Brownback: Chris Hill was ‘evasive and unprofessional’ in his dealings with Congress

Senator Sam Brownback has come out against Chris Hill’s nomination to be U.S. Ambassador to Iraq:

I am deeply concerned about the possibility of Assistant Secretary Hill serving in the crucial post of Ambassador to Iraq,” Brownback said. “While I commend Mr. Hill for his long and dedicated career in the Foreign Service, I believe that his lack of any Middle East experience, and his evasive and unprofessional dealings with Congress, make him a poor choice for leading our largest, and most important embassy in the world at a pivotal time for American diplomacy in Iraq. I urge the President to reconsider this nomination. [Press Release, Senator Sam Brownback]

I see I’m not the only one questioning Hill’s integrity.

I wonder if Brownback will be the only one. Hill made enemies in both parties, for example, when he — along with the rest of the Bush Administration — withheld information from Congress about North Korea’s proliferation to Syria. Of course, a congressman can’t hold a nomination, but one senator is all it takes.

3 Responses

  1. Obama is invested in gradual failure in Iraq.

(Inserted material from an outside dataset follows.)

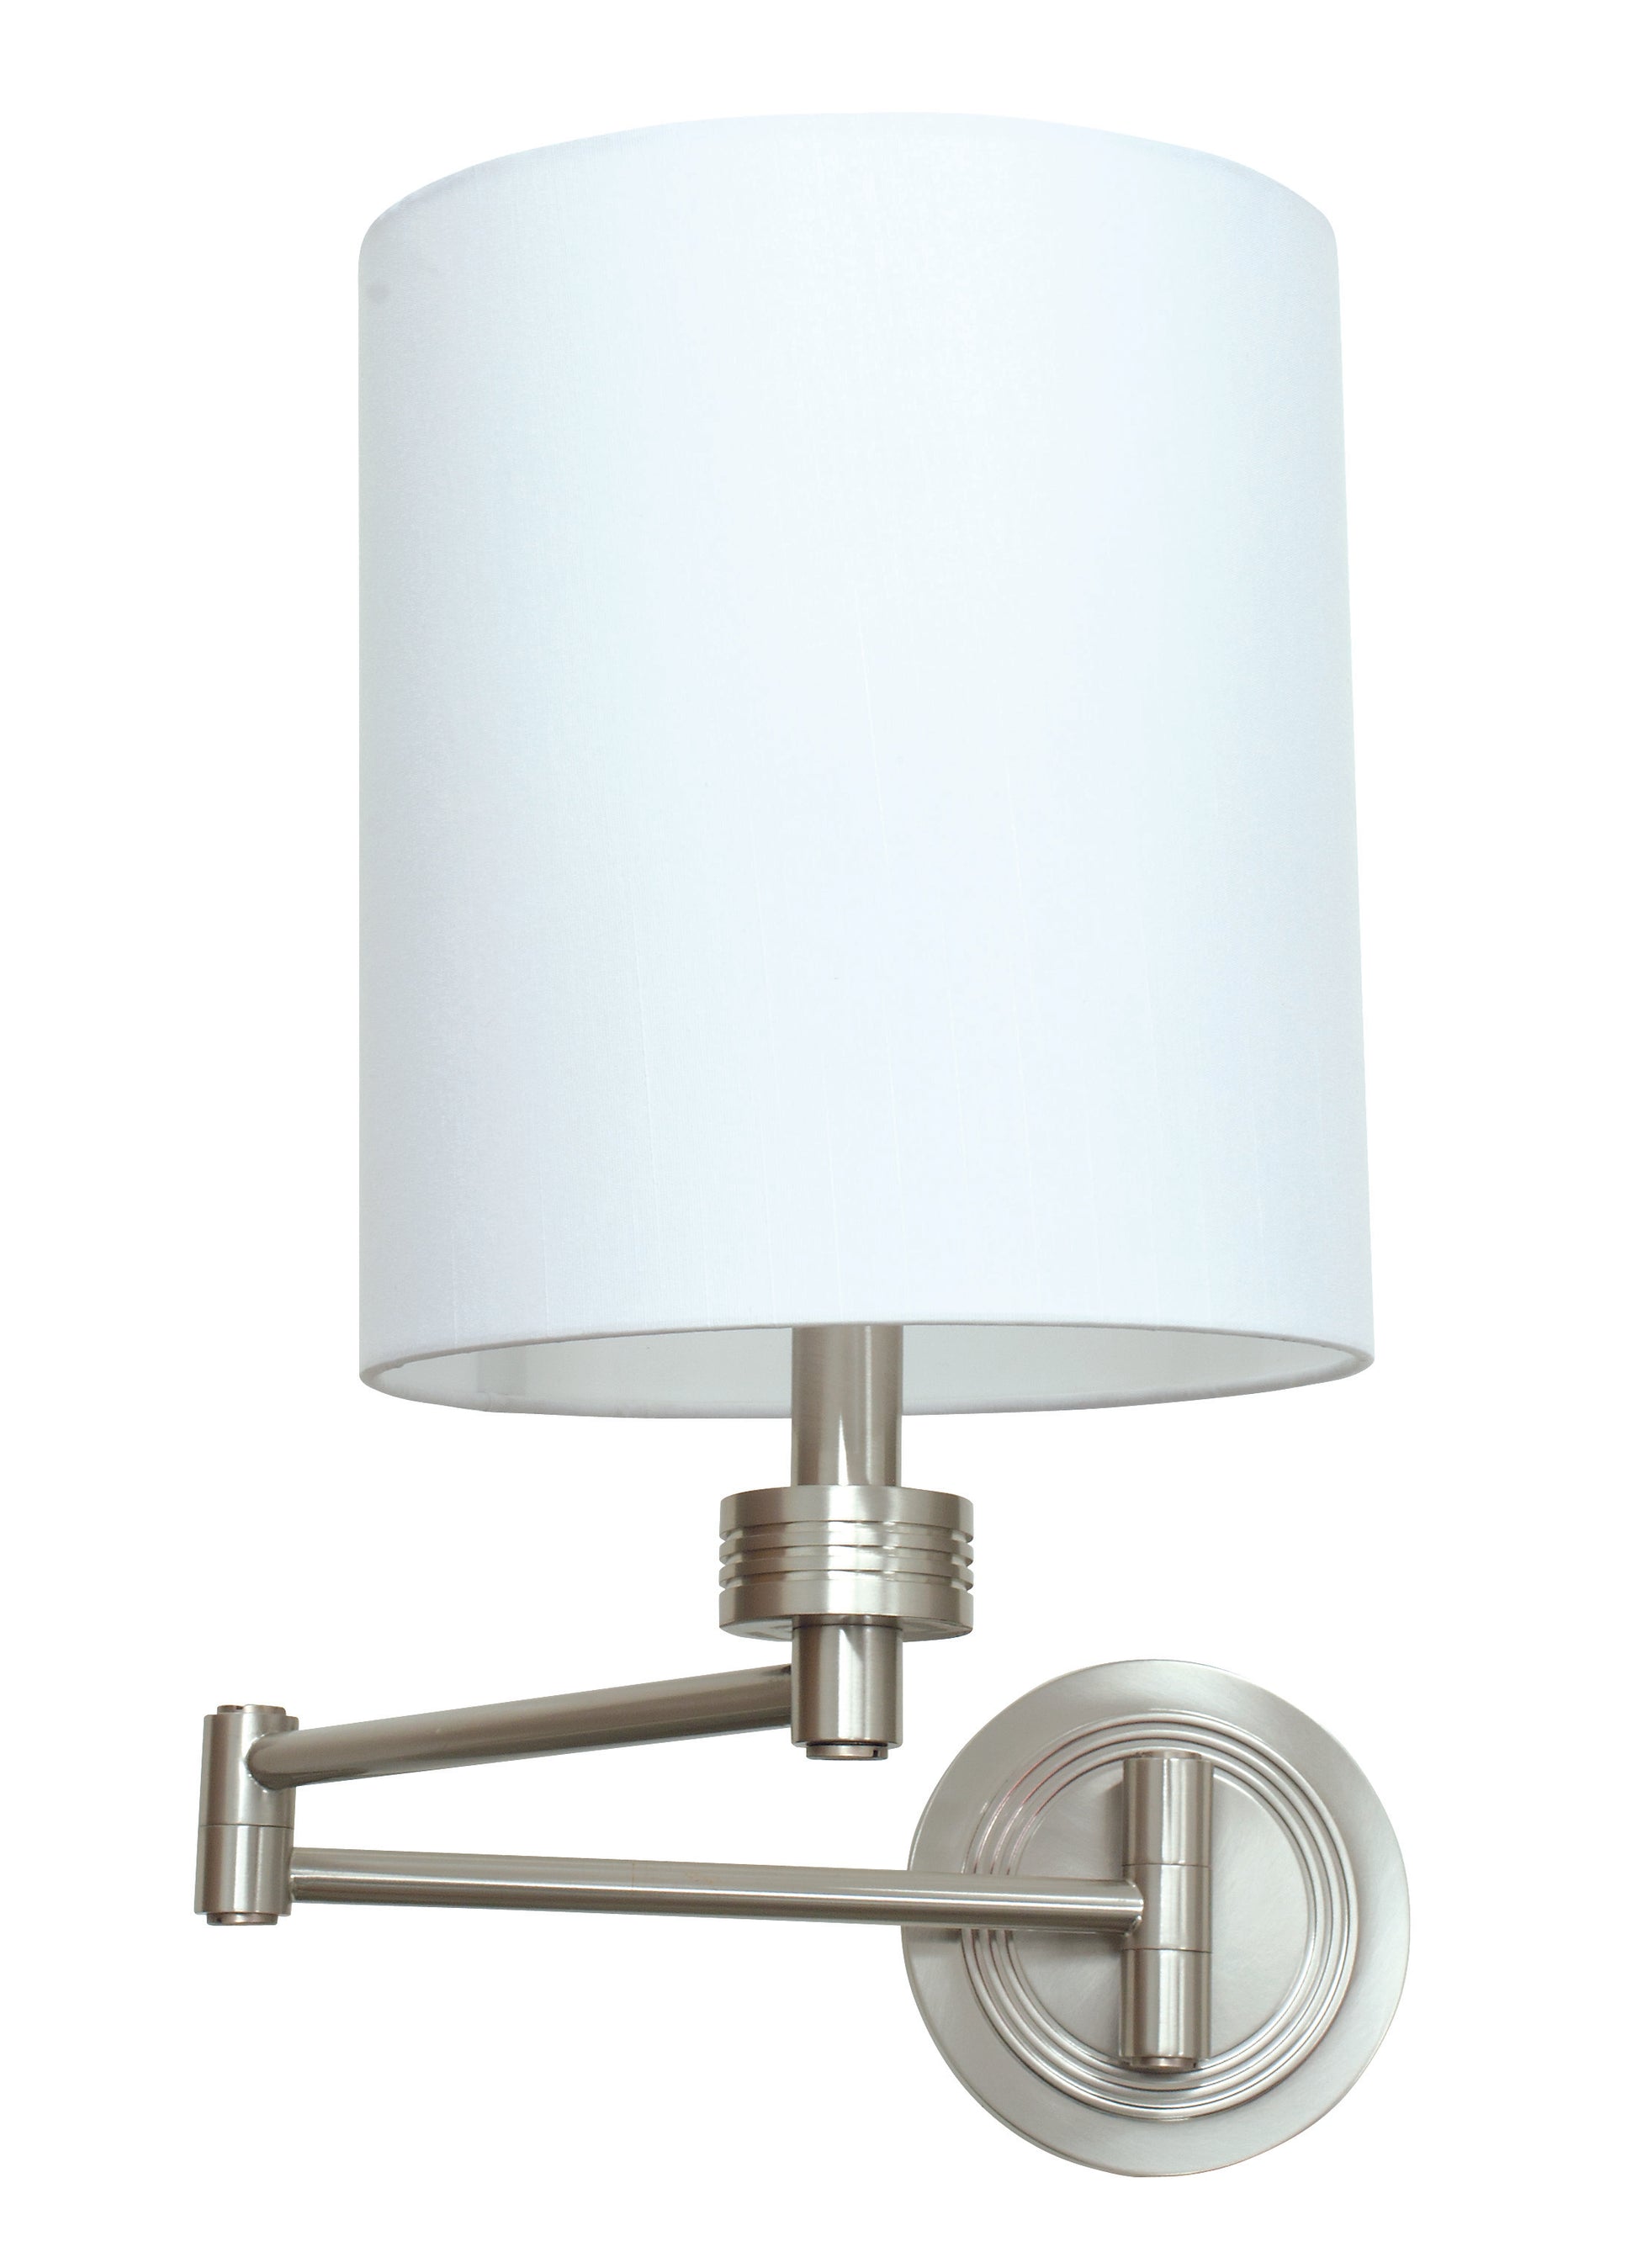 House of Troy Wall Swing Arm Lamp Satin Nickel WS775-SN

Hill is his excuse for things unraveling there.
    As an OIF vet and someone serving in USFK now, I could not be more disgusted. Sen. Brownback is 100% correct.

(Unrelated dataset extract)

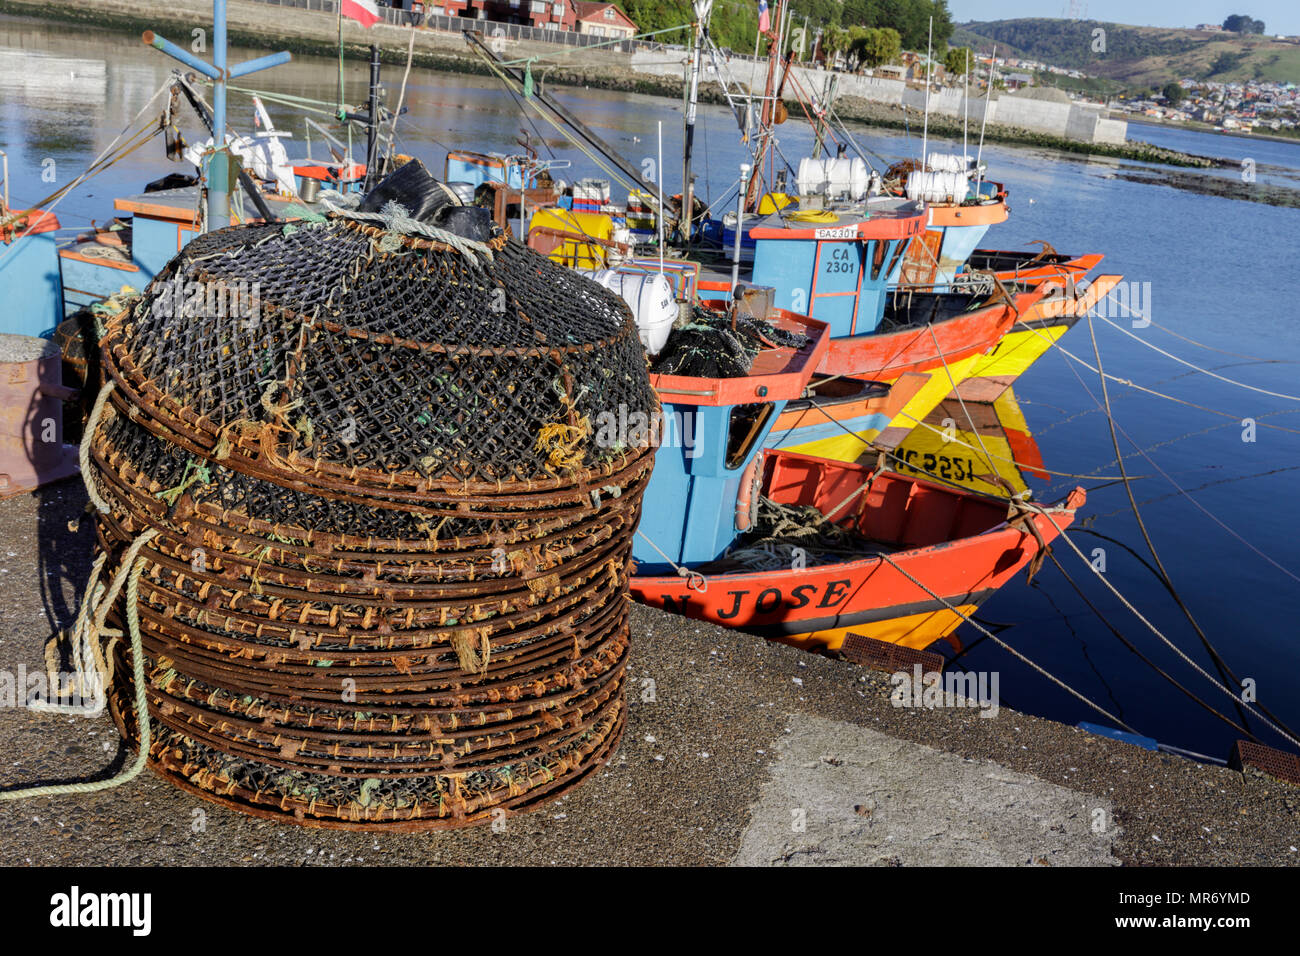 Ancud, Chiloé, Chile: Colorful fishing boats populate the harbor in Ancud, Chiloé. Stock Photo

  2. Failure should have consequences…

    And from what little I’ve read over the last few years, you can place the blame for the failure of North Korea policy at the feet of Hill and Condie Rice and thus Bush.

    As I understand it, Hill was a leader in getting Bush to flipflop on the pressure tactics and arm’s length dealing with Pyongyang that characterized most of Bush’s time in office.

    If it had worked, then more power to him — give him more responsibility. But it failed miserably. It was a set back. And it is so hard to find a way to get movement out of Pyongyang, set backs are particularly bitter to swallow.

    Given the level of failure — putting him in Iraq makes no sense, and I’m glad some are fighting the move.

  3. usinkorea, not to sharpshoot you, but the Lion’s share of blame should be pinned on the decade of South Korean pollyanna “sunshine policy” and not on the Bush administration alone which had to deal with the appeasing lefties. Maintaining the alliance while dingleberries like Roh were in office made it difficult to take a hard line tack against the DPRK. I’m not exonnerating Rice/Bush, but let’s at least place them in the context of having to ally with arch-appeasers who were finally voted out of power.